Berdasarkan hasil dari pencarian data yang dilakukan dapat disimpulkan bahwa krisis
ekonomi di Indonesia pada tahun 1998 dan 2008 memiliki sumber dan karakteristik yang
berbeda, seperti pada tahun 1998 krisis ekonomi akibat dari utang masif swasta yang jatuh
tempo. Terjadi rush money akibat ketidakpercayaan pasar dan dunia usaha. Sejumlah
indikator ekonomi menunjukkan kondisi memprihatinkan. Pertumbuhan PDB minus 13,7%
yoy (PDB berkisar Rp955,63 triliun), rasio utang negara 57,7% terhadap PDB. Krisis
moneter malah berujung krisis politik dan kepercayaan. Kepercayaan masyarakat, terutama
mahasiswa, terhadap Soeharto berada pada titik nadir.
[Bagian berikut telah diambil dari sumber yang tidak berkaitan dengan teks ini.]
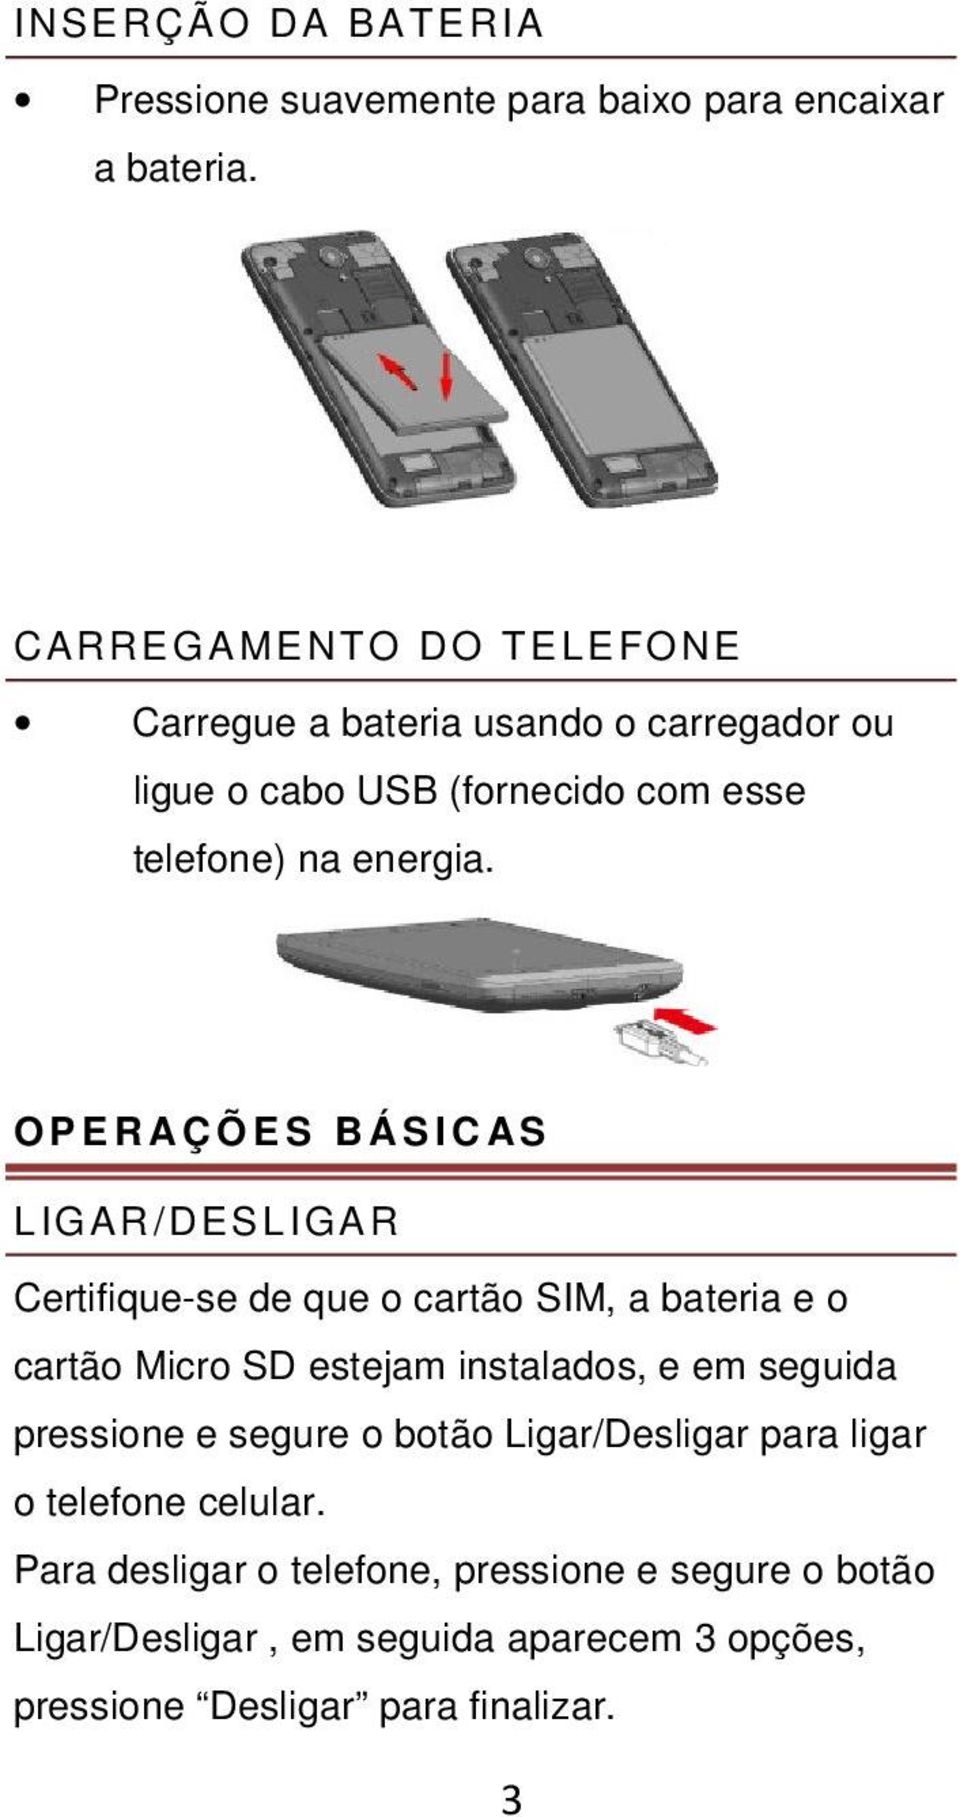 OPE R A Ç Õ E S B Á S I C AS LIGAR/DESLIGAR Certifique-se de que o cartão SIM, a bateria e o cartão Micro SD estejam instalados, e em
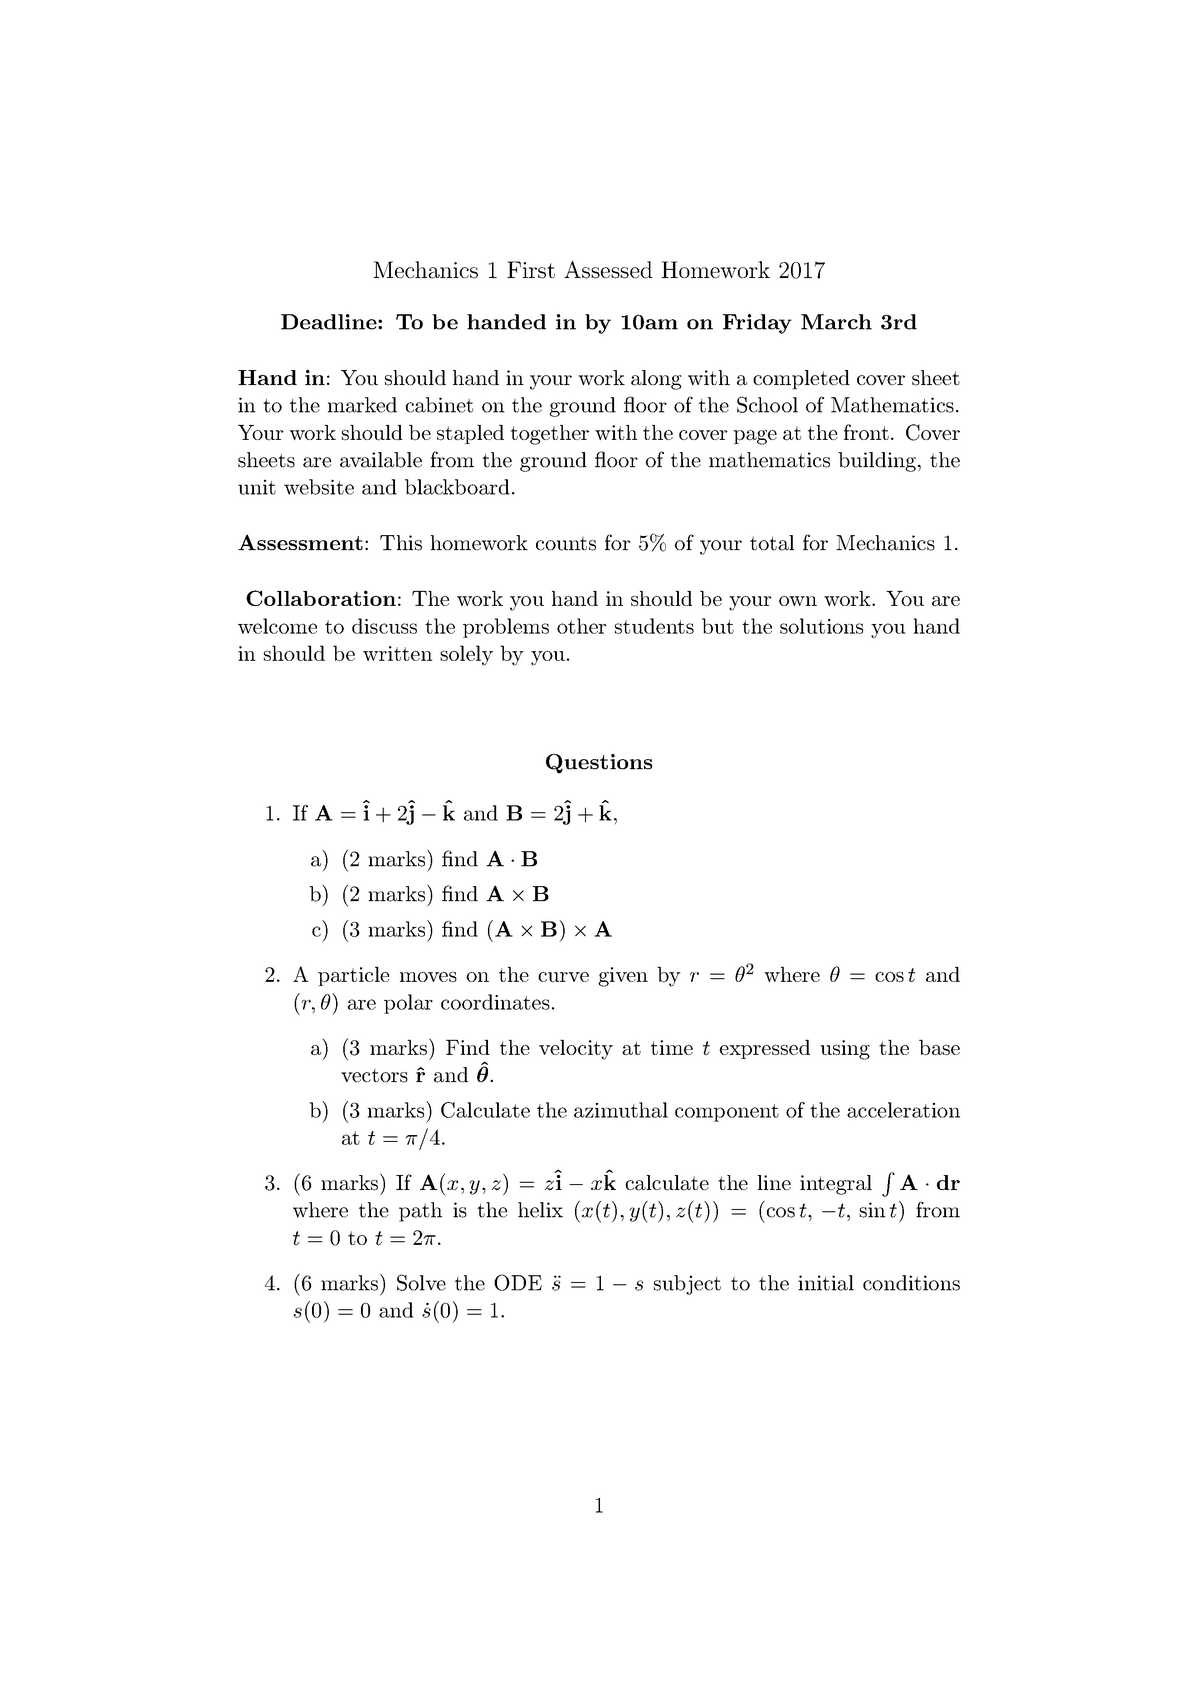 Math 16 17 Assignment 1 Mechanics First Assessed Homework 17 Deadline Studocu

Dengan karekteristik yang terjadi saat
itu yaitu krisis keuangan terjadi akibat adanya kombinasi masalah dari ekonomi dan politik
yang terjadi di dalam negeri. Akibatnya, beberapa sektor mengalami kerugian, akibat adanya
penjarahan di mana-mana, yang berdampak sangat buruk pada manajemen penanganan dan
birokrasi yang sarat korupsi. Kurs rupiah terhadap dolar AS anjlok hingga 254% yoy dari
level Rp3.030 (September 1997) ke level Rp10.725 (September 1998), bahkan menembus
level Rp16.000. Tingkat inflasi 78,2% (Agustus 1998). Strategi penyelamatan krisis 1998
melalui bail out dalam bentuk Bantuan Likuiditas Bank Indonesia terhadap 16 Bank senilai
total Rp670 triliun hingga mereformasi UU kebebasan pers dan kebebasan HAM.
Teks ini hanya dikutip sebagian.